Pendant la montée, on finit par découvrir la voie d'accès au Vignemale (En cliquant sur la photo vous verrez la taille des personnages par rapport à celle de la montagne) :
Arrivé au pied de la Pique Longue, autre nom du Vignemale, certains montaient (encordés) pendant que d'autres descendaient. Quelques pierres se détachent régulièrement au dessus de vous et il faut réagir quand on entent "PIERRE" et surtout "PIEDRA" ! J'avais oublié la présence des Espagnols si nombreux, et ce n'est qu'au 2ème "PIEDRA" que j'ai regardé en l'air... juste à temps pour éviter le caillou gros comme ma main qui est passé à 50 cms finalement !
Après ces 50 derniers mètres d'escalade, niveau 2-3 maximum, on atteint le sommet :
et on découvre d'en haut le glacier d'Ossoue.

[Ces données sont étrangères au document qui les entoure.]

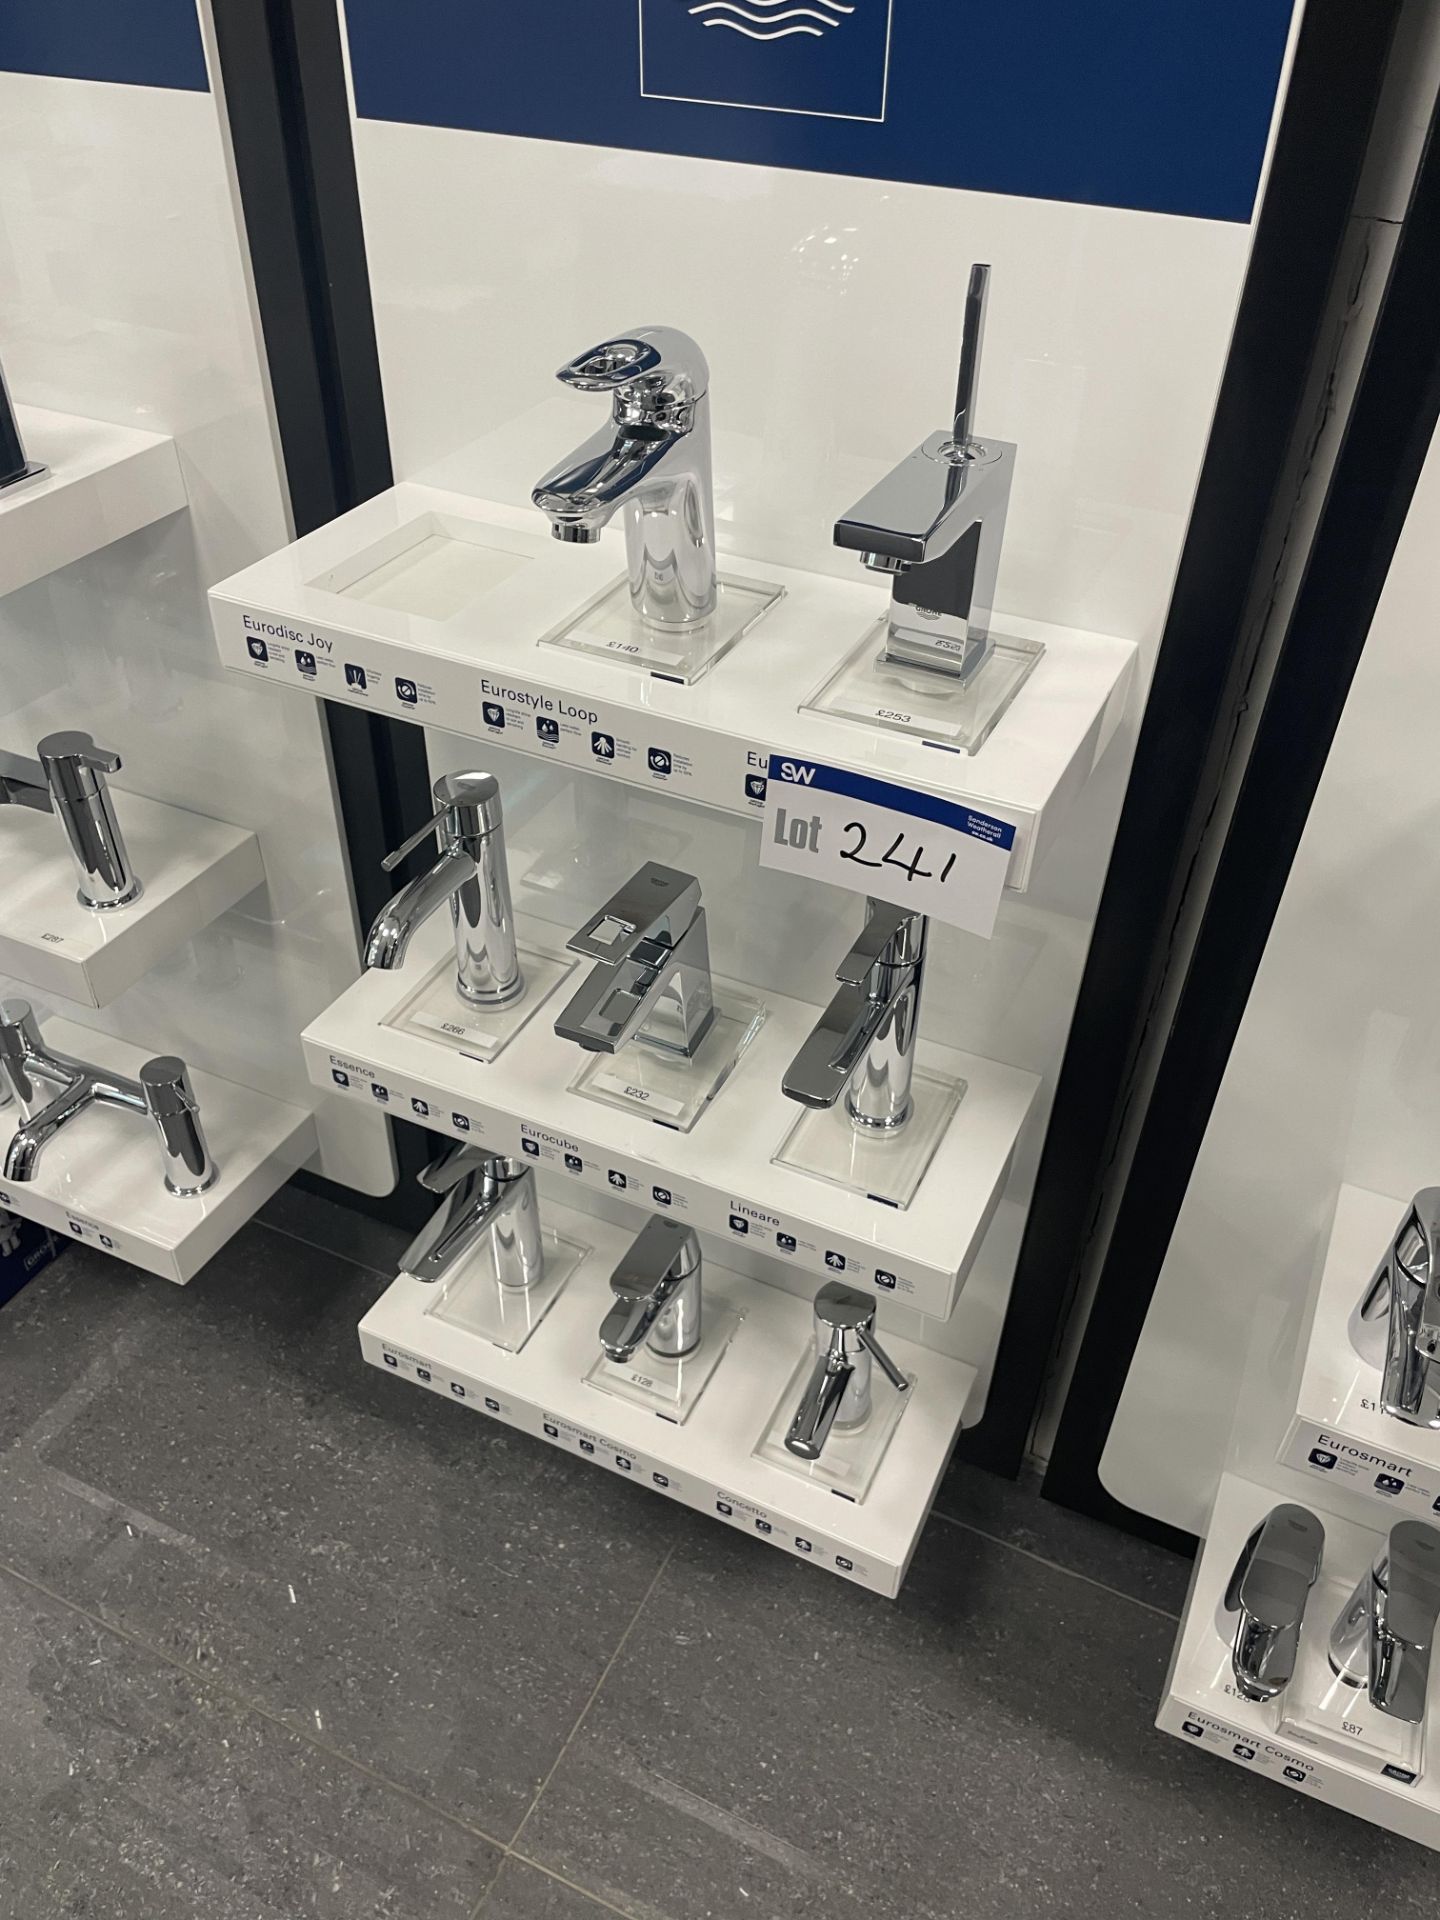 Eight Assorted Grohe Taps (understood to be a display unit and may not be complete - inspection is

Deux heures trente suffisent alors à descendre jusqu'au barrage, 1 400 m plus bas.
mercredi 9 juillet 2008
Vignemale, 3298 m
Aujourd'hui, ascension du Vignemale, plus haut sommet français des Pyrénées avec 3 298 m.
Demain, photos de la course, avec nuit au refuge de Baysselance.
samedi 28 juin 2008
Col du Pourtet, 2420 m
Aujourd'hui, très longue course (8h de marche + 1h30 de pause) au Col du Pourtet, 2 420 m.
Départ du Pont d'Espagne vers 1500 m (présence de marmottes et d'isards peu timides) :
Montée en longeant ruisseaux, torrents et lacs :
La neige était présente dès 2 100 m et jusqu'au lac du Pourtet à 2 420 m :
Entre le lac du Pourtet et le lac Nère, un espace de neige agréable :
Après le col, on descend vers le refuge Wallon en passant par le lac Nère à 2 309 m :
Et enfin, la magnifique vallée du Marcadau :
Plus de 1 000 m de dénivelé mais surtout un parcours très très long (Sans doute plus de 18 kms) souvent dans les pierres mais aussi beaucoup dans l'eau !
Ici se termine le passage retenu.